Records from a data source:
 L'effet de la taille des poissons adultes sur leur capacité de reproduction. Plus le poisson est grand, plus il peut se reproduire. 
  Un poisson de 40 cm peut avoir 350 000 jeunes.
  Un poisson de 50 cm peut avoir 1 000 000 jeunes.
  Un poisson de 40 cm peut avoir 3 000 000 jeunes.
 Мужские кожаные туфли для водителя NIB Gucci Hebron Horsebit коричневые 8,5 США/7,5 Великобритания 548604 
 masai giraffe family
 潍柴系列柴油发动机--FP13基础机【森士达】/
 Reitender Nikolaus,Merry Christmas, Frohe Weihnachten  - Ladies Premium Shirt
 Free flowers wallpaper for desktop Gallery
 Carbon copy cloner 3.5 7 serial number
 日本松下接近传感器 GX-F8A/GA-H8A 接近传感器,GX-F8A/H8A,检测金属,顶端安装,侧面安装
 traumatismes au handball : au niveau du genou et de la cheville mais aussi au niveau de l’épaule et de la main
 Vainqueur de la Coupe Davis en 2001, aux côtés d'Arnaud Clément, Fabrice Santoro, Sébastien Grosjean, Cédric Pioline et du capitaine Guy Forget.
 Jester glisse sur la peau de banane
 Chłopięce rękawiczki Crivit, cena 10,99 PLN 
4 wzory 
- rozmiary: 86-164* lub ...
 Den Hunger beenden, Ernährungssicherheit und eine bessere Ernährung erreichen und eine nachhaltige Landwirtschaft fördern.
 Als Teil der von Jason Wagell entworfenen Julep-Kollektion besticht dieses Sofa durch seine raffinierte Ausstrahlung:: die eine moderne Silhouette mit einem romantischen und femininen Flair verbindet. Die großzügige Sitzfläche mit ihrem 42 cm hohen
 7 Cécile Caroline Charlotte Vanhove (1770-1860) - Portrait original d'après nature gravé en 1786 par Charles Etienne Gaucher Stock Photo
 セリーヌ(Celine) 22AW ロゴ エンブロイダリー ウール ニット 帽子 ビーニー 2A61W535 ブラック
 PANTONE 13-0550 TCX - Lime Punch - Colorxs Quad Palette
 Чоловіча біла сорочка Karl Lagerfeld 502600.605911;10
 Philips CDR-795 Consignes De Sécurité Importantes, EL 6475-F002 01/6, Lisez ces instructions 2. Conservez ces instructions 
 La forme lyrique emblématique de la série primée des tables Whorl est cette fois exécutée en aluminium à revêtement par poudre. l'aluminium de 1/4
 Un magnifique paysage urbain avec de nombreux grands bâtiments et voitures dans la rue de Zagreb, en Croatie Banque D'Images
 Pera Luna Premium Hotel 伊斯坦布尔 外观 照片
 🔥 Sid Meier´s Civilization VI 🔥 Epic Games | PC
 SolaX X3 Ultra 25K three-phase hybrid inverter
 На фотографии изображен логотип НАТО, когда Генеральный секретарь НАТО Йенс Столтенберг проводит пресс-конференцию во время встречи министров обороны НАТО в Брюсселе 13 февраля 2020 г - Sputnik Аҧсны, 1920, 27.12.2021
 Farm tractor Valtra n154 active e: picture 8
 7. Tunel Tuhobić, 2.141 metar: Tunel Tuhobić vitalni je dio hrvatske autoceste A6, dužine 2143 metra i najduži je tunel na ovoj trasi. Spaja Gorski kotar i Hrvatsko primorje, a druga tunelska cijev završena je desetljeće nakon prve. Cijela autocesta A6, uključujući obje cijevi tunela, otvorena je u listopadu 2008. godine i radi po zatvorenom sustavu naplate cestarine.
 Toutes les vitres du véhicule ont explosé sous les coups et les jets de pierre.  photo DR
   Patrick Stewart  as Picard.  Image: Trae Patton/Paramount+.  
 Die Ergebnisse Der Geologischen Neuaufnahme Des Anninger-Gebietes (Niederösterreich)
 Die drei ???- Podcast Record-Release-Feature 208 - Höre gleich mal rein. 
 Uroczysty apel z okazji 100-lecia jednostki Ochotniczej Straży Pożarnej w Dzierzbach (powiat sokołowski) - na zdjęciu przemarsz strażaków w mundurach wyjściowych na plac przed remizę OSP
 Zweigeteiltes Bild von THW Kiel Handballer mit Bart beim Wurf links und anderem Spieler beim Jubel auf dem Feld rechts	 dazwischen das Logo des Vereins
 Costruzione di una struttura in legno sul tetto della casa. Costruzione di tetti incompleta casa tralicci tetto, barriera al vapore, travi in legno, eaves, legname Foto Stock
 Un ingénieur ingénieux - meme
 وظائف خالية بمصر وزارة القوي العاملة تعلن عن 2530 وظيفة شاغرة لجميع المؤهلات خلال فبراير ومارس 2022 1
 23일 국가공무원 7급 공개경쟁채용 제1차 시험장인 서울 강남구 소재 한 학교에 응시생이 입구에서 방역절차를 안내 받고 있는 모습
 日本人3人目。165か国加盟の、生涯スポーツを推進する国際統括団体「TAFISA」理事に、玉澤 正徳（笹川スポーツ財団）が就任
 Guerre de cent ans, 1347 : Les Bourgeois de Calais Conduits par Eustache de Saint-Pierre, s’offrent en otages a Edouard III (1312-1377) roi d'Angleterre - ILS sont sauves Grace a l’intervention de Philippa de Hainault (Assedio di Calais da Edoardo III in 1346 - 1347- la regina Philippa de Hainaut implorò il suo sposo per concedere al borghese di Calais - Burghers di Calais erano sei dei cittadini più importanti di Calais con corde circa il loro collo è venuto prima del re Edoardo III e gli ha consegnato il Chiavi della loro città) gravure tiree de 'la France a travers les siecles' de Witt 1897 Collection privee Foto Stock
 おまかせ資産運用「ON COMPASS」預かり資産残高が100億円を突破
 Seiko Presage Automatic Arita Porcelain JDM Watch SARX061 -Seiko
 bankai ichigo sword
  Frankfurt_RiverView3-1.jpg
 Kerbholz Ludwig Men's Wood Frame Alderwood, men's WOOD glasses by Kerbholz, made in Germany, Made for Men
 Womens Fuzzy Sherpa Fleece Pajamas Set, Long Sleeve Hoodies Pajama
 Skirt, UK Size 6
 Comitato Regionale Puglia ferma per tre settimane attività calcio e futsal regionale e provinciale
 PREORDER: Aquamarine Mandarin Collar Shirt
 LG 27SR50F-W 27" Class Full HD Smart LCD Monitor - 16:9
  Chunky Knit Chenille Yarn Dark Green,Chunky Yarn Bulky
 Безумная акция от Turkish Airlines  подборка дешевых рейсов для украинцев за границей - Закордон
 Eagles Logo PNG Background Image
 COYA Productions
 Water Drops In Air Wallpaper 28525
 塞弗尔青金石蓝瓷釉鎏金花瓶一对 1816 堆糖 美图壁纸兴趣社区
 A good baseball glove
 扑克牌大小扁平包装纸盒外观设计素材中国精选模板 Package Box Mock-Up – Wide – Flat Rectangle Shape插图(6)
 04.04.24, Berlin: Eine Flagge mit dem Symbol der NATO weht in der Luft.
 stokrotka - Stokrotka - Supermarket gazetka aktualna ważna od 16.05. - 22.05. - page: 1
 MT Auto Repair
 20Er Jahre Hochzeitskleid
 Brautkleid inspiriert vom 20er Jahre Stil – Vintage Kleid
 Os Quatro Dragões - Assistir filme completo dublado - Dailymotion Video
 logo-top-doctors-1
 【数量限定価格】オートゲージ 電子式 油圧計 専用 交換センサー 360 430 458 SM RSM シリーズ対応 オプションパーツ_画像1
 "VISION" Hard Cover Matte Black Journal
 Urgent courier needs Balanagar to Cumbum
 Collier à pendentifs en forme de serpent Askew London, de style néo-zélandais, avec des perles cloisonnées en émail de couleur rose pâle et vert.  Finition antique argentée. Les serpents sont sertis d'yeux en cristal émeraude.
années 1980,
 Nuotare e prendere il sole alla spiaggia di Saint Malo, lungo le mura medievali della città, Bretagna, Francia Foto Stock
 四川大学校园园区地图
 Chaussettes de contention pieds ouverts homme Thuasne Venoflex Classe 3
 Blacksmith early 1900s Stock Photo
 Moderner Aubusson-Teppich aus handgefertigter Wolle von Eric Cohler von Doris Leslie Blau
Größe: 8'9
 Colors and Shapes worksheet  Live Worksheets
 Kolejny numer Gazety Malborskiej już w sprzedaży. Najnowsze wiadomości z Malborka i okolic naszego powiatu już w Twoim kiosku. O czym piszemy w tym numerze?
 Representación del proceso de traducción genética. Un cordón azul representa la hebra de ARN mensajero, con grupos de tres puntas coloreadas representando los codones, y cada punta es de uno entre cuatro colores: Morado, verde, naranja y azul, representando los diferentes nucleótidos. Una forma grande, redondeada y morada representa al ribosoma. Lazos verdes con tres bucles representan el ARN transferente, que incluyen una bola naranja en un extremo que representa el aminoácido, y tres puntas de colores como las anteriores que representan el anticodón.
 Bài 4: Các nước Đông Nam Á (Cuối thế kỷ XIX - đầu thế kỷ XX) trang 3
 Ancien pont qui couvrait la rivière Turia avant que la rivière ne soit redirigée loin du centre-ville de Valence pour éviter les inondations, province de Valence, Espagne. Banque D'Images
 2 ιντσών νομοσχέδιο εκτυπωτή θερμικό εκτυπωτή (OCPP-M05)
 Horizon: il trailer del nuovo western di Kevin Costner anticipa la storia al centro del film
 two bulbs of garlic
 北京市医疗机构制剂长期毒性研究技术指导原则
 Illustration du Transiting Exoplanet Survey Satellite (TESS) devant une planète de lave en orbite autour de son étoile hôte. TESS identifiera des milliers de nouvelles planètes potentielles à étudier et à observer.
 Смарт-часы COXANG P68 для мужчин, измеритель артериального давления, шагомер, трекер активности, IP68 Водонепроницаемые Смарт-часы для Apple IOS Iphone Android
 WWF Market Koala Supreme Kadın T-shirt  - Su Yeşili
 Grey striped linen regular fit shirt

# EXERCISE AIM
Search the entries for the string "Premium" and copy each line where it occurs.

# OUTPUT
 Reitender Nikolaus,Merry Christmas, Frohe Weihnachten  - Ladies Premium Shirt
 Pera Luna Premium Hotel 伊斯坦布尔 外观 照片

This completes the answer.